Geregu Power, Nigeria’s leading electricity generation company, has announced a 42% increase in revenue during the first nine months of 2023 despite challenging economic conditions that have beset the nation.

According to the company’s 9-month interim financial report, Geregu Power’s revenue rose to N55.7 billion, a significant leap from the N39 billion recorded in the same period last year.

The company also reported a pre-tax profit of N17.4 billion, representing a 25.3% growth when compared to the previous year’s N13.9 billion.
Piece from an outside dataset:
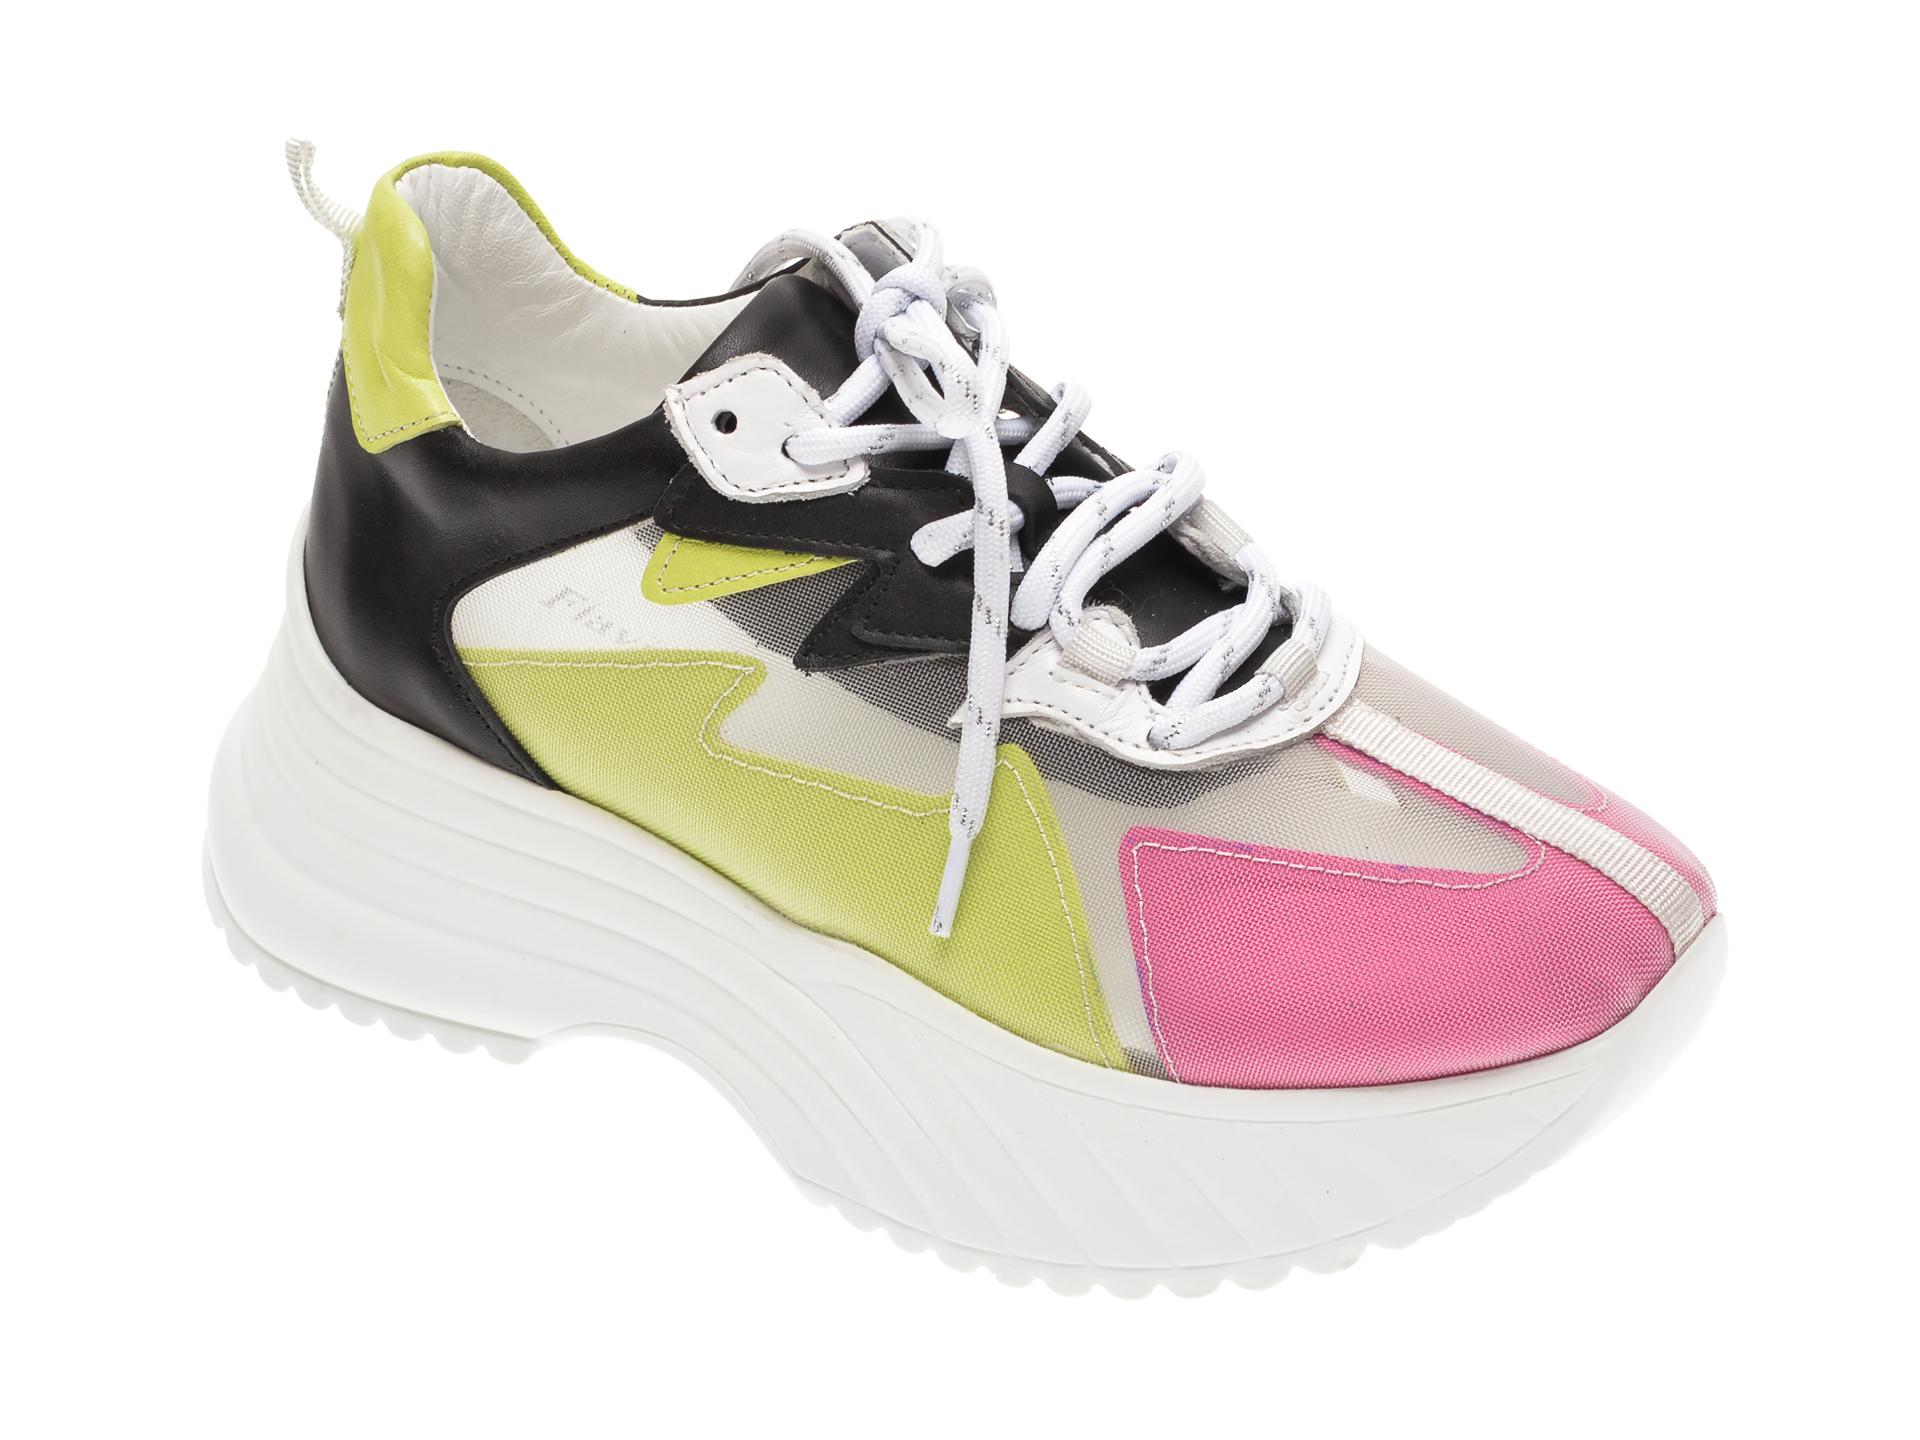 Pantofi sport FLAVIA PASSINI multicolor, 135304, din material textil si piele naturala

Profit after tax for the period stood at N11.3 billion, up from N10 billion in the same period in 2022.

It is important to note that Geregu Power has already surpassed its entire 2022 profits in just the first three quarters of 2023.

The revenue generated from energy sales in this quarter skyrocketed from N3.2 billion in the same period last year to N13.1 billion, contributing to the overall energy sales figure of N34.7 billion while capacity charges increased to N7.9 billion, a substantial growth from N1.9 billion filed for the same period last year.

Despite the challenging business environment marked by rising inflation and the depreciation of the Nigerian naira, Geregu Power successfully managed to achieve this impressive performance.

Administrative expenses, including personnel costs and maintenance expenses, rose significantly, largely attributed to the effects of inflation and exchange rate depreciation.

In terms of debt management, the company successfully reduced its external debt and has a strategic 7-year bond worth N41.19 billion to support its acquisition of another power plant, demonstrating a forward-looking approach to expanding its operations in the energy sector.

Geregu Power’s strong cash flows remain a testament to its financial stability and commitment to delivering value to shareholders, highlighted by dividends of N20 billion sourced from 2022 profits.

The company’s substantial cash reserve of N49.3 billion further underscores its financial strength and its ability to pursue strategic investments.

As of Wednesday, October 18th, 2023, Geregu Power’s share price closed at N339.5 per share, further solidifying its impressive financial performance in the energy sector.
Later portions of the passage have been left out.